Hello fellow furs and canines i have a big question i want answered, I'm looking to buy a fursuit, soon and i want to know just how hot can they get? I've seen a lot of fursuit tips and the main ones i see alot are to take off you head in the bathroom or lounge to cool off or drink a lot of water. Being me and where i grew up heat doesn't phase me like weather heat but do fursuits get so hot that its dangerous to stay in them? My past experience with heat i wear a jacket every summer in 110 degree weather also once when i went to death valley in 120 or so degree weather i wore a snow jaket and messed with my phone. So the question remains is the heat really that bad or do you think someone with "heat" experience like me could handle it?


----------



## Duality Jack (Feb 3, 2014)

Temperature wise: Quite easily to levels that can be health threatening easily Fake fur is like winterwear.

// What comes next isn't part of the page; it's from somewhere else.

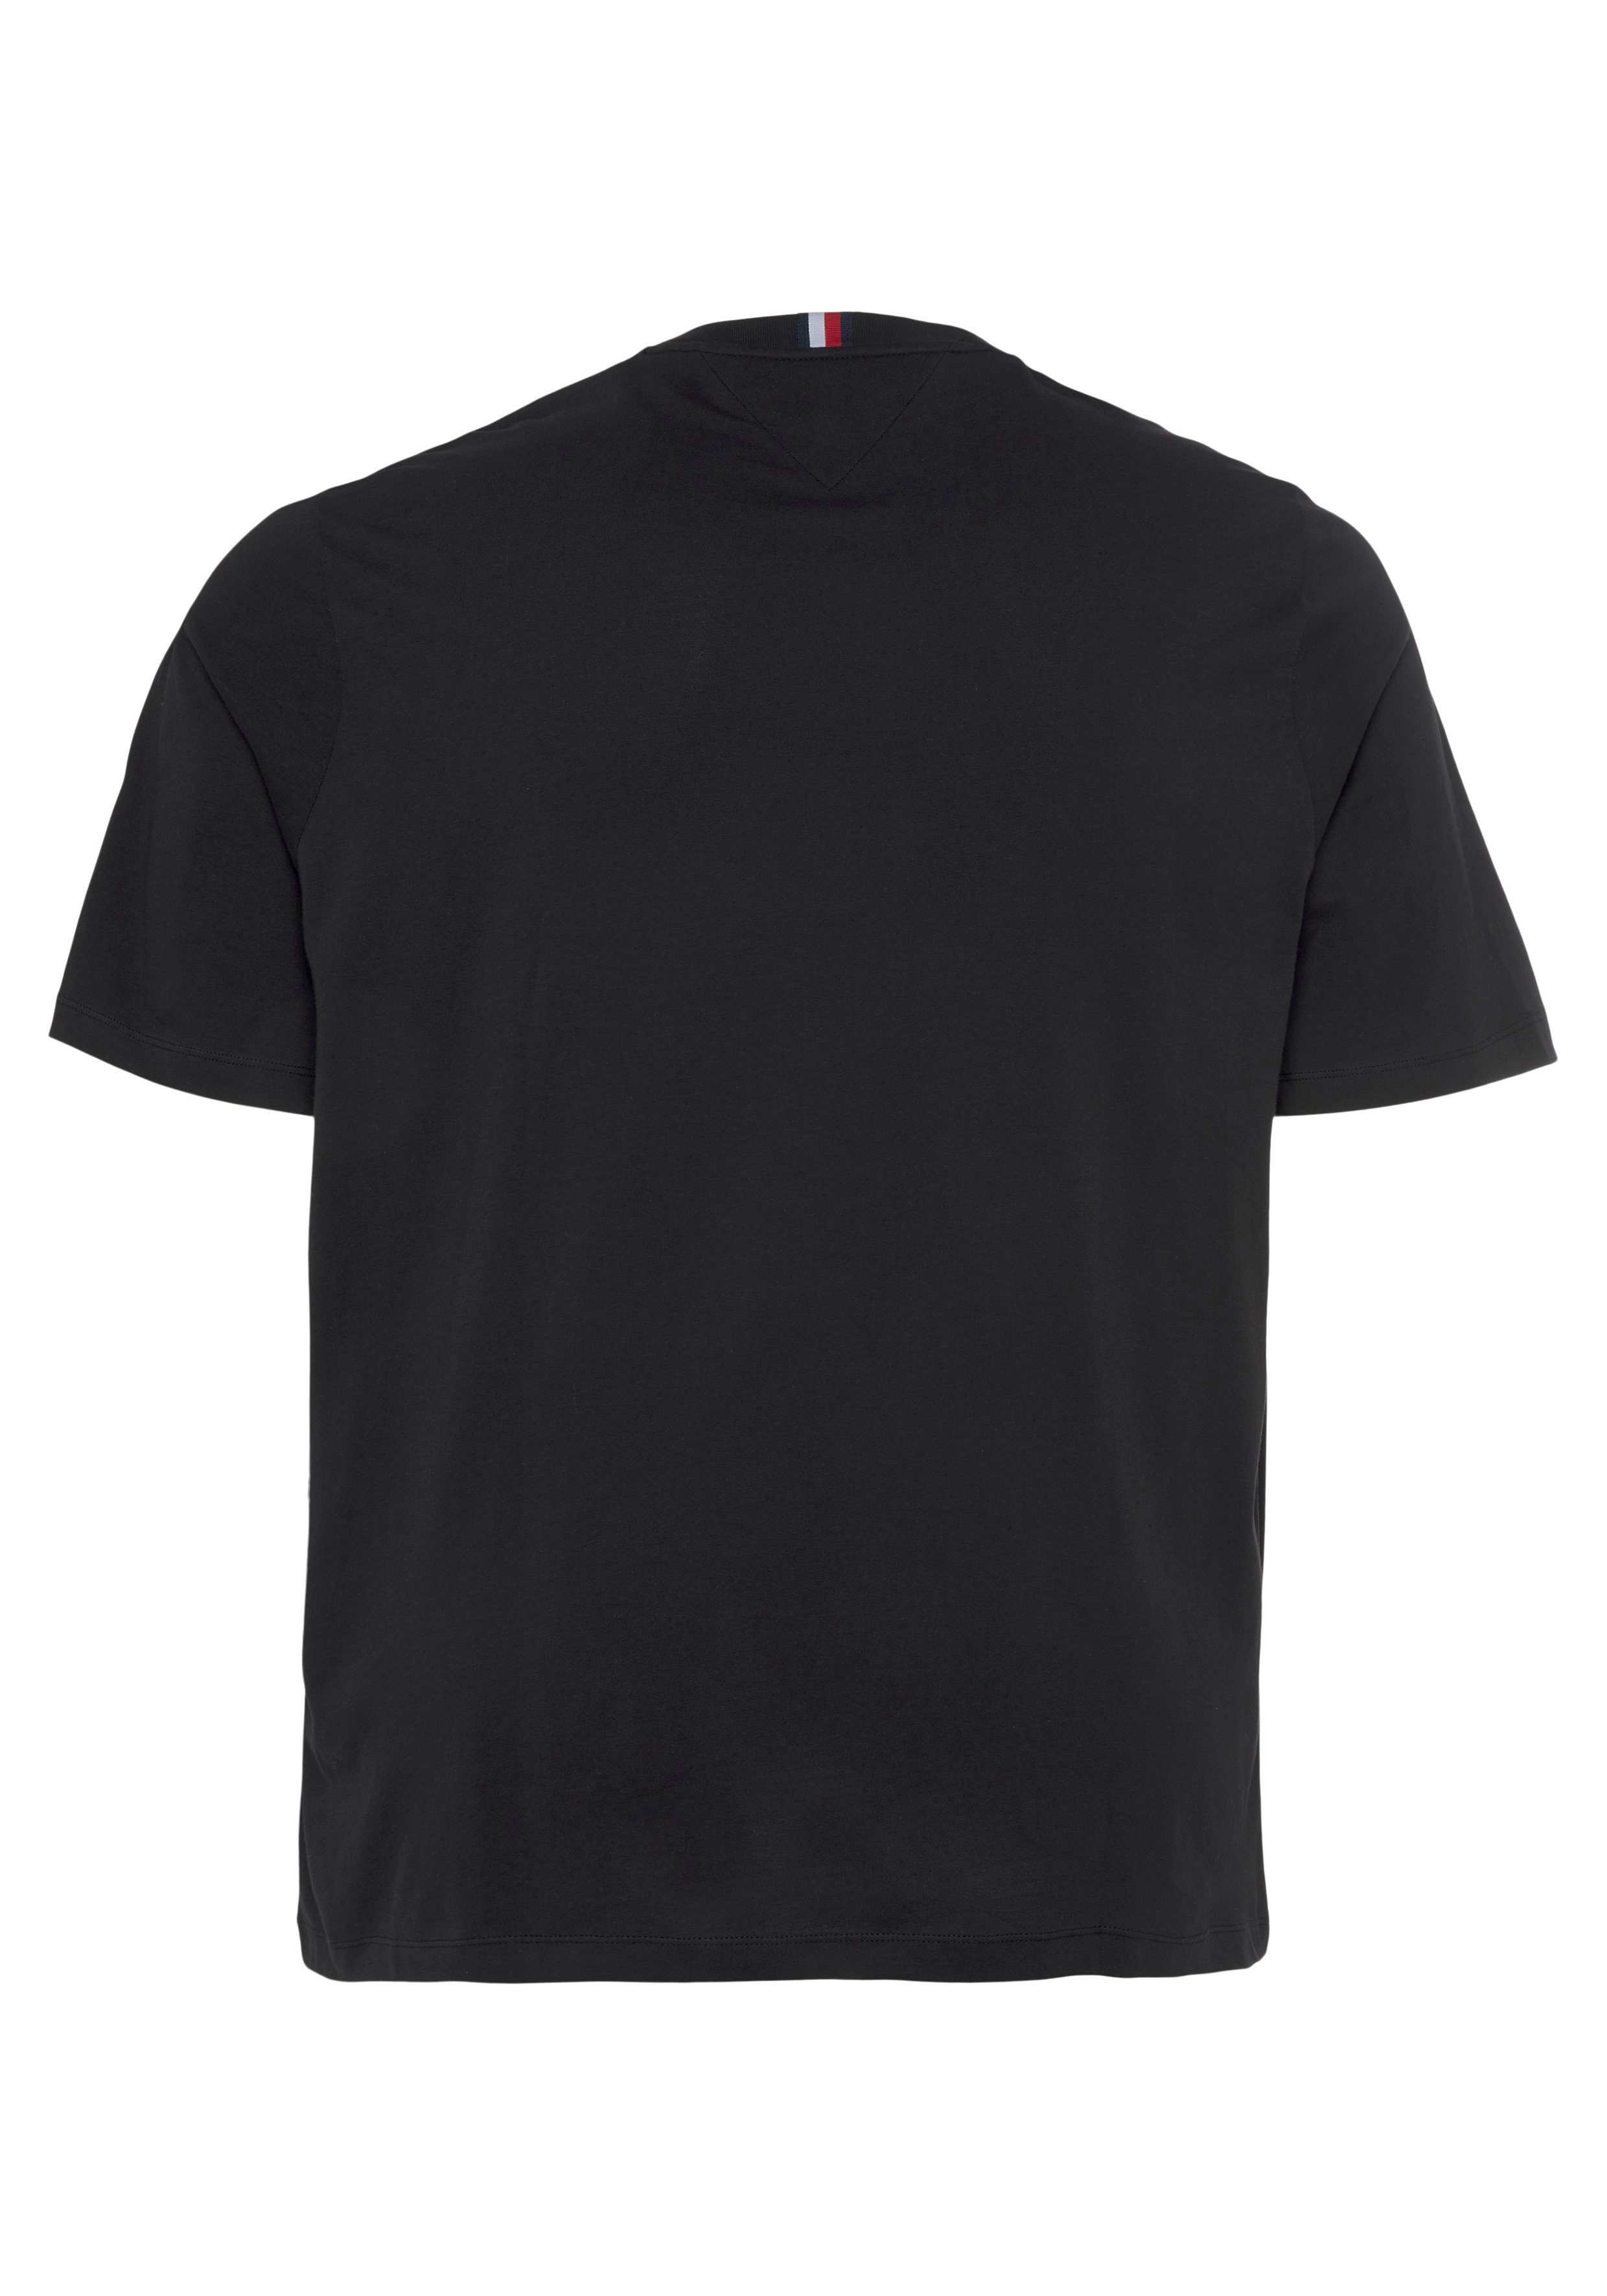 Hilfiger BT-SHADOW Black & HILFIGER Big TEE-B Tommy Tall REG T-Shirt

Sexual "hotness": Your milage may vary. I'd go with "none"


----------



## Connor J. Coyote (Feb 3, 2014)

It can get REALLY hot.. ventilate yourself properly - and take the head off on occasion.


----------



## Batty Krueger (Feb 3, 2014)

As hot as you want it to be,  baby.


----------



## Pantheros (Feb 3, 2014)

pass out/heat stroke hot if you don't stay hydrated and take breaks


----------



## CaliffToten (Feb 3, 2014)

Do you know like a tempeture like in the hundreds or ninedes?


----------



## Tica (Feb 3, 2014)

if you really wore a winter-style coat in death valley 120 degree F heat, for any appreciable length of time, you're an idiot.


----------



## Chad (Feb 3, 2014)

Temperature inside a fursuit is really going to vary, based on many things like the construction of the suit, the ambient temperature where you are, and how active you get within the suit.  Also depends on how _long_ you are in the suit. Fursuiters over time build up a tolerance to higher levels of heat whilst suiting.


----------



## Nataku (Feb 3, 2014)

I actually plan to do some more scientific investigation of this question soon. I have two (because even though they are both calibrated, it never hurts to compare numbers) infrared temperature guns which I can use to get readings of temps inside various parts of fursuits. The next local furmeet should net me the first couple of results, as several local furs have agreed to wear their suits and be 'measured'. Once I have begun gathering this information, I plan to make a thread here with my findings so we can start compiling an actual database with solid numbers to work off of.


----------



## Jashwa (Feb 3, 2014)

Why do you wear jackets in that heat? That sounds sweaty and gross.


----------



## Troj (Feb 3, 2014)

I tend to experience my fursuit as "uncomfortably warm" at temperatures above 40 degrees, particularly if there's no crosswind. Especially with physical activity, the inside of a fursuit can get to over 100 degrees within a few minutes_, and _any ventilation problems or limitations will become readily apparent as you begin to breathe more heavily.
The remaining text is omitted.